• [RECORDED DATA]
::::

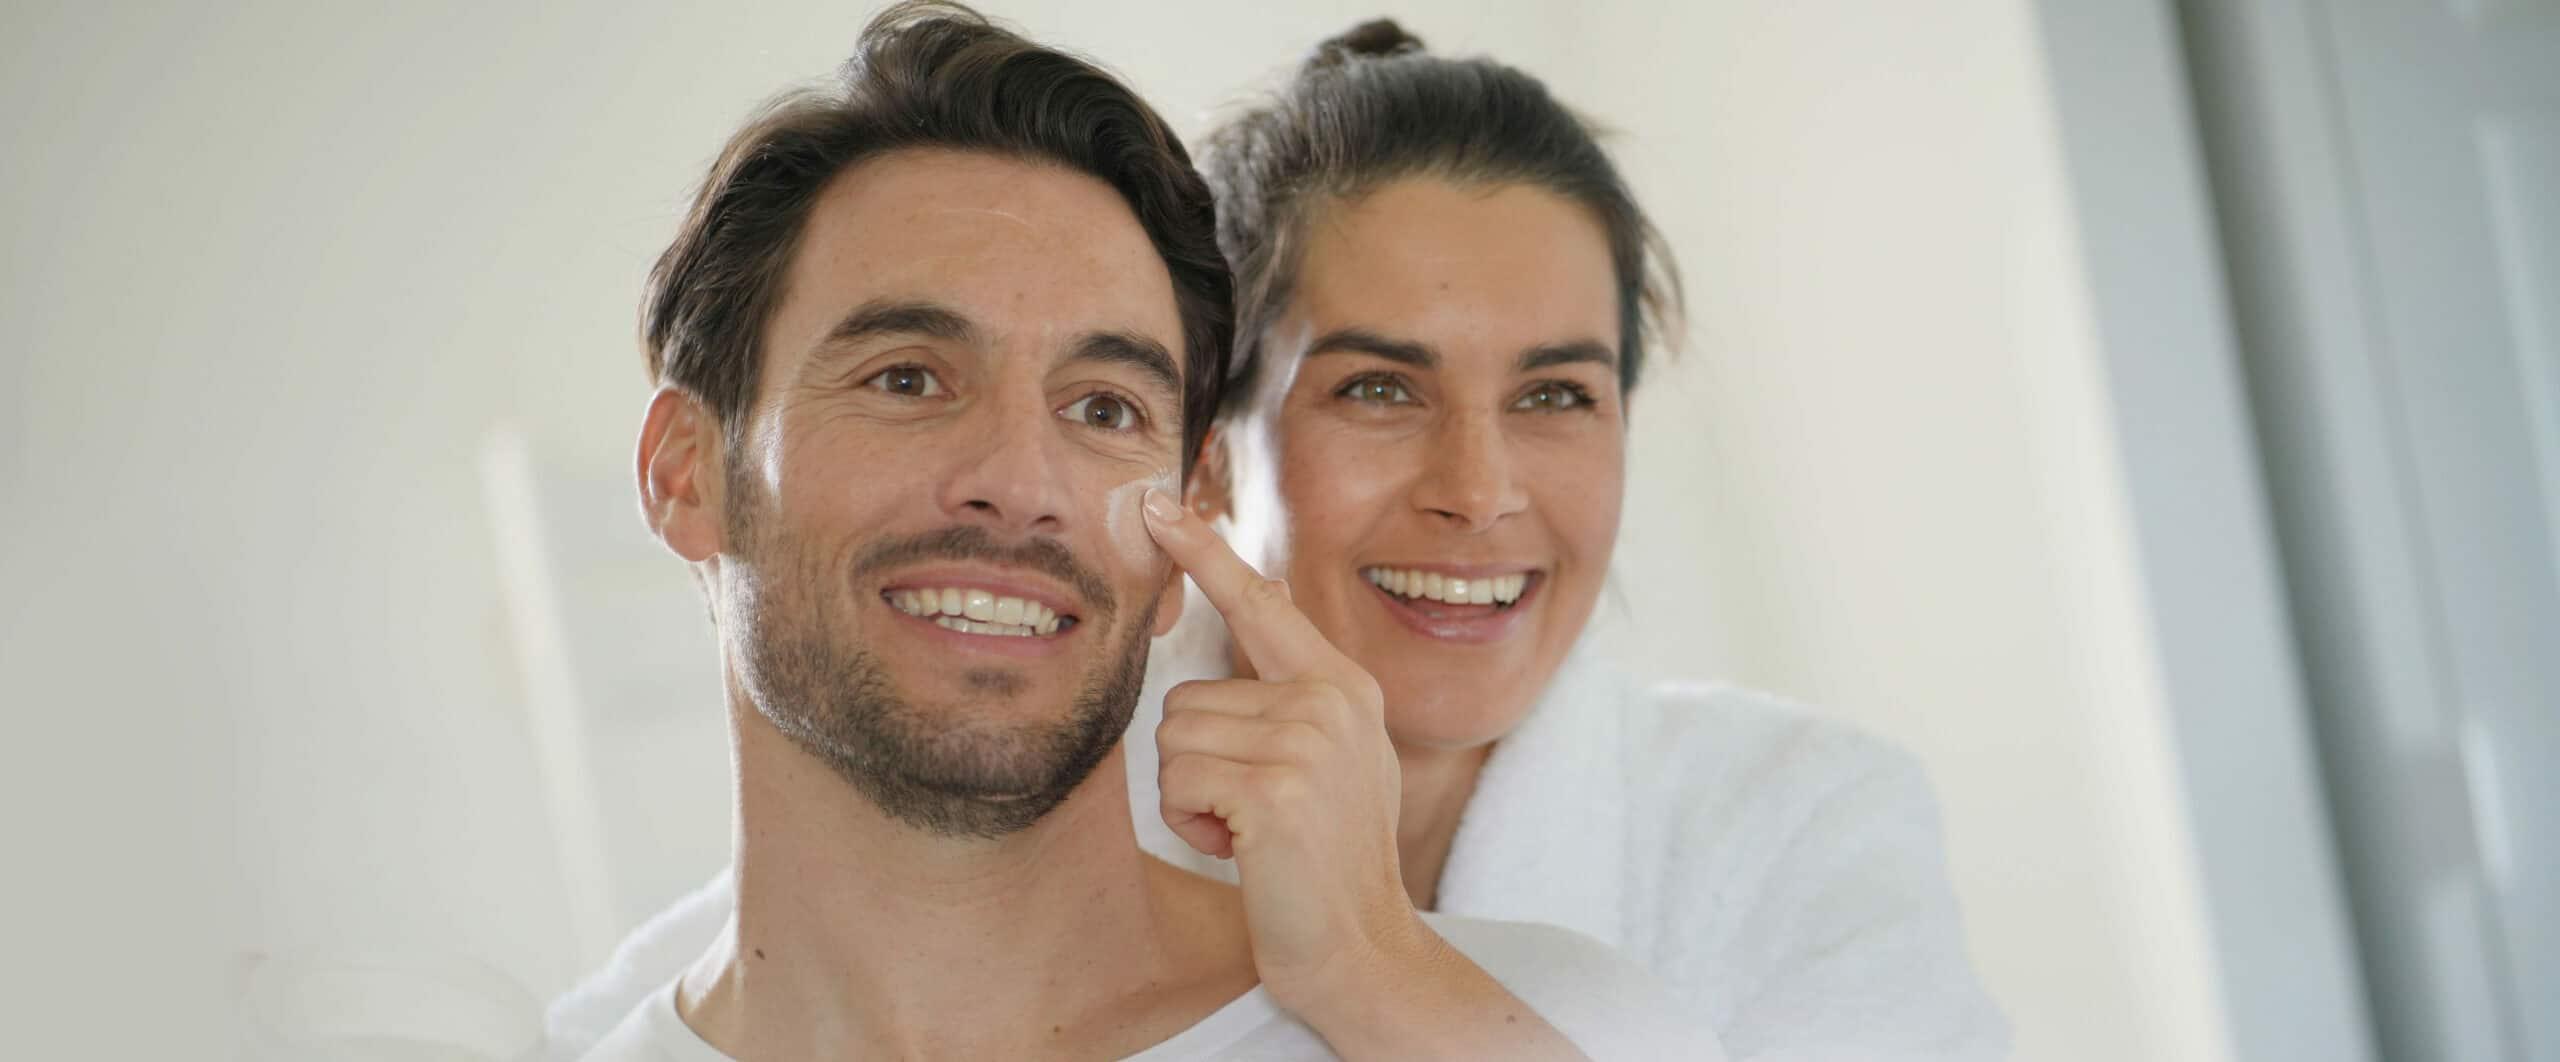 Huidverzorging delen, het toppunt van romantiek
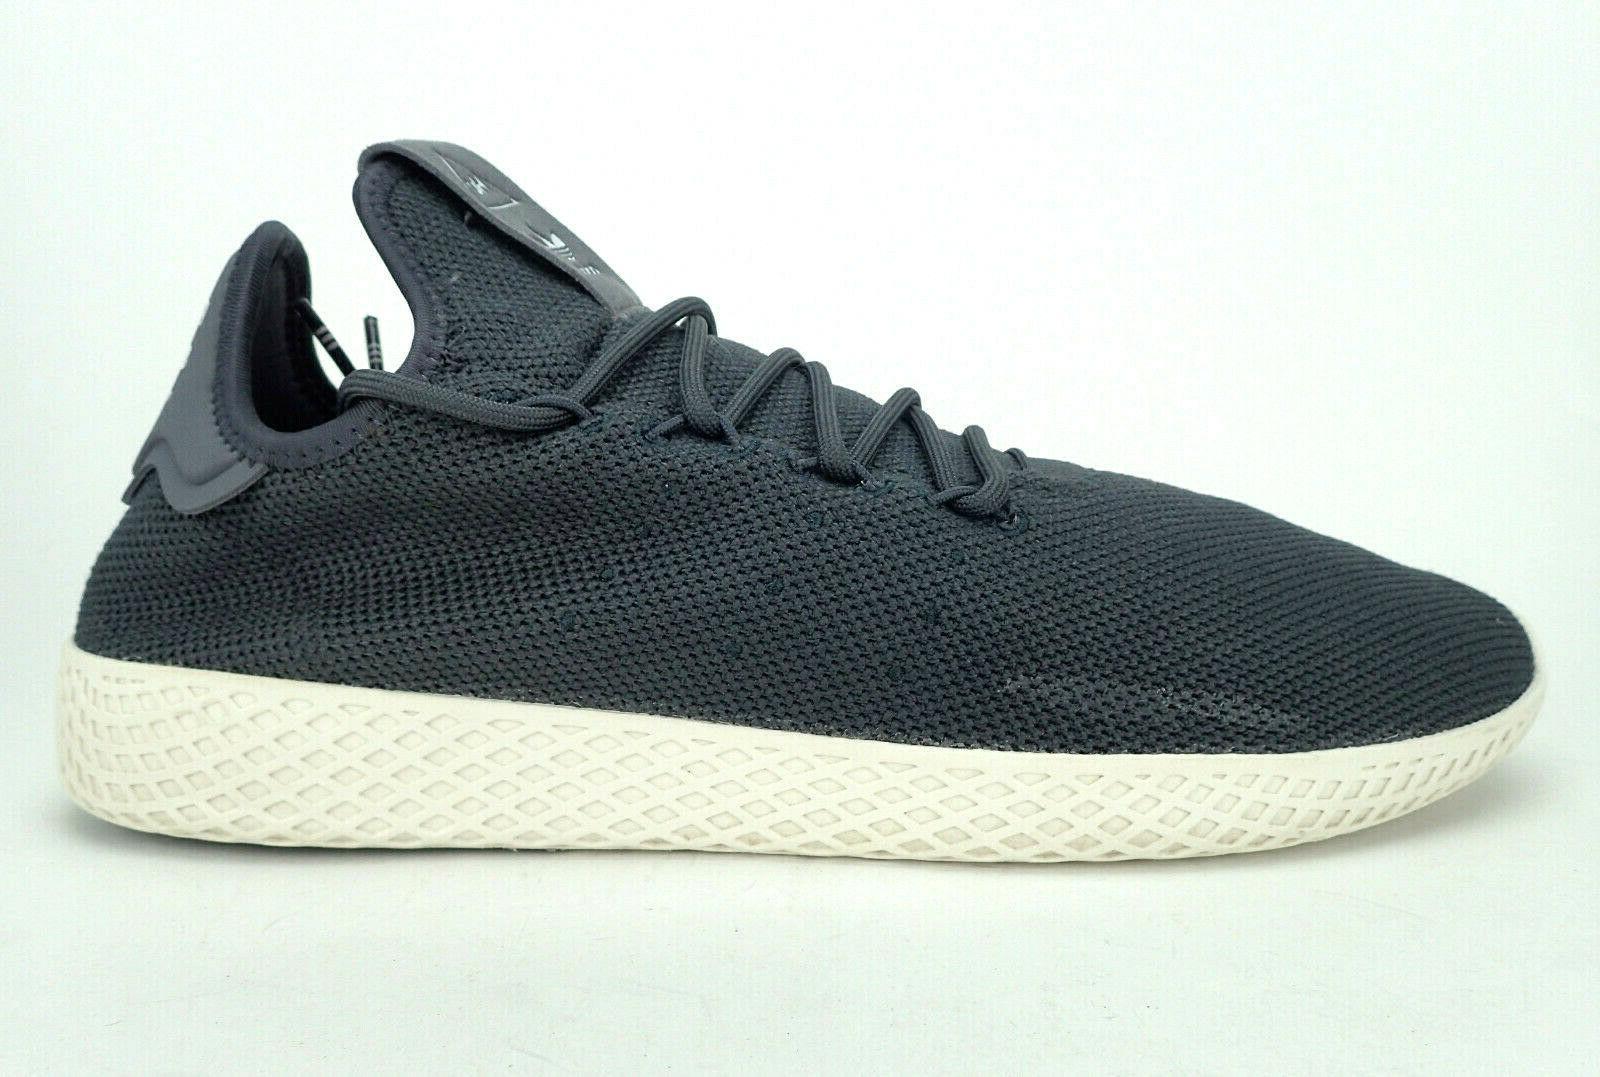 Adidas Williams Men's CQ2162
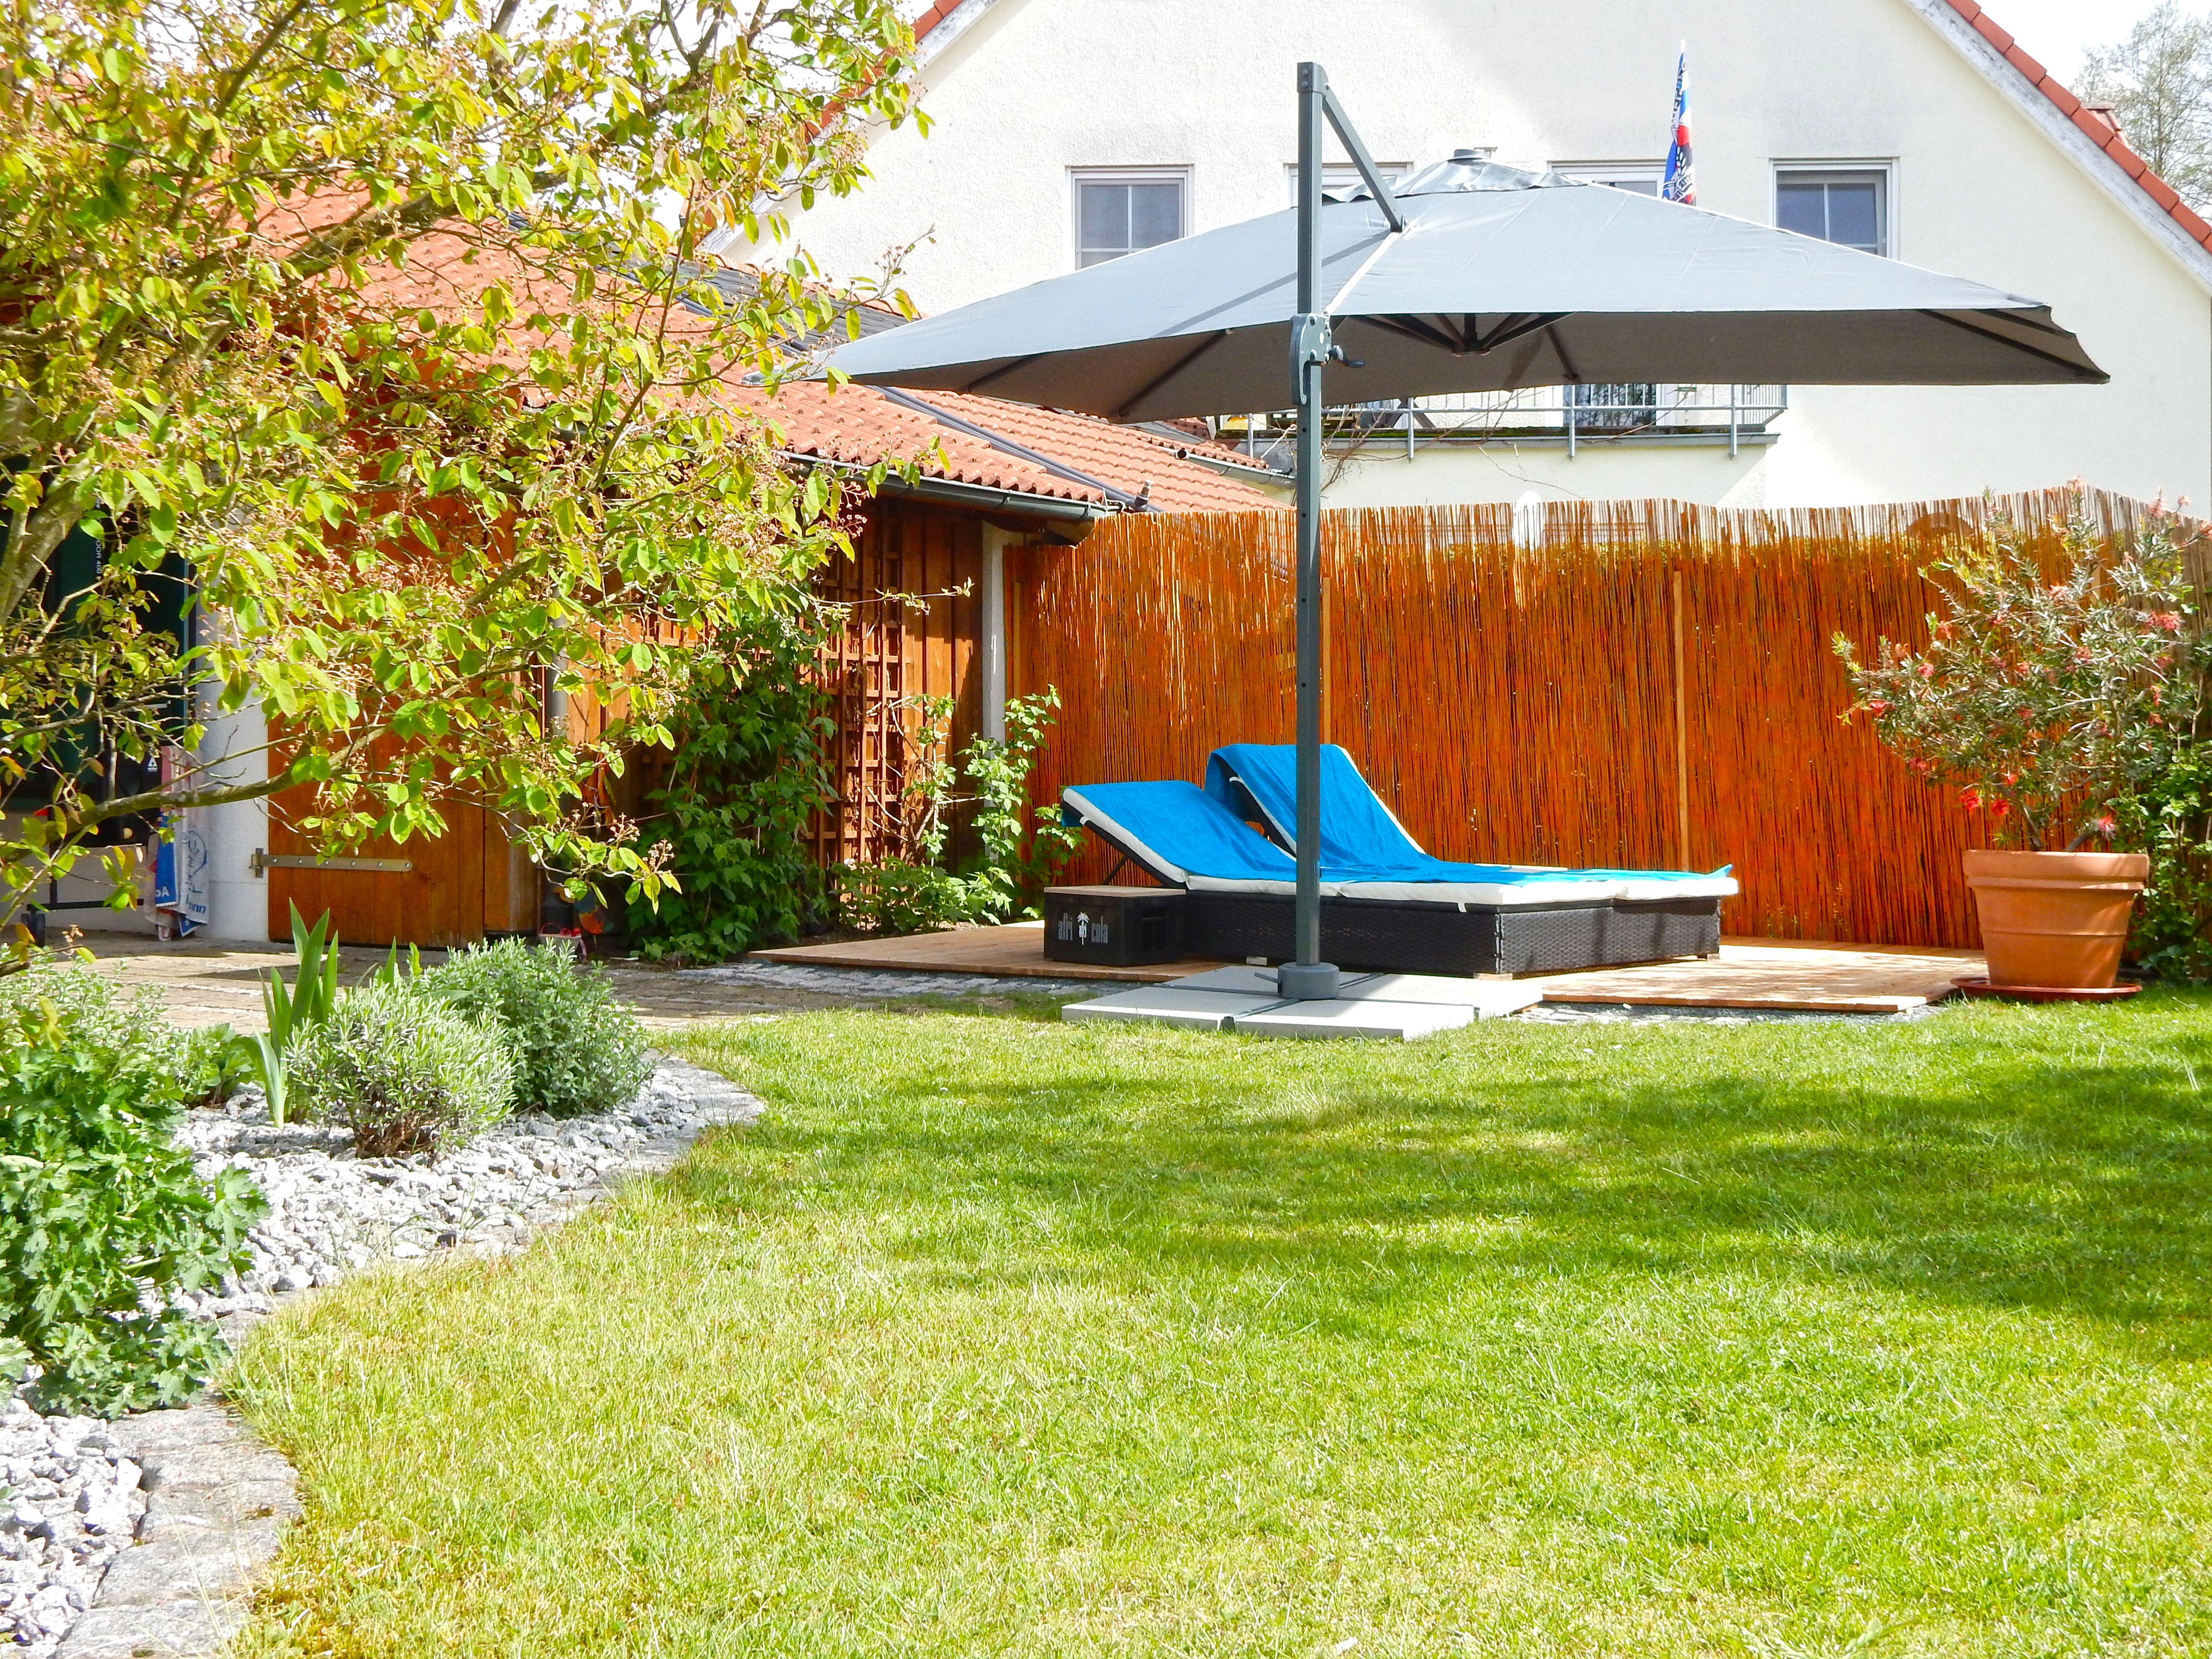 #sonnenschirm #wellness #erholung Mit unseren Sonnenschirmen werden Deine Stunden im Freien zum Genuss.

::::

• [REQUIRED ACTION]
Retype all of the material above exactly; the pictures stay out.

• [RESPONSE FOR THIS EXERCISE]
 Huidverzorging delen, het toppunt van romantiek
 Adidas Williams Men's CQ2162
 #sonnenschirm #wellness #erholung Mit unseren Sonnenschirmen werden Deine Stunden im Freien zum Genuss.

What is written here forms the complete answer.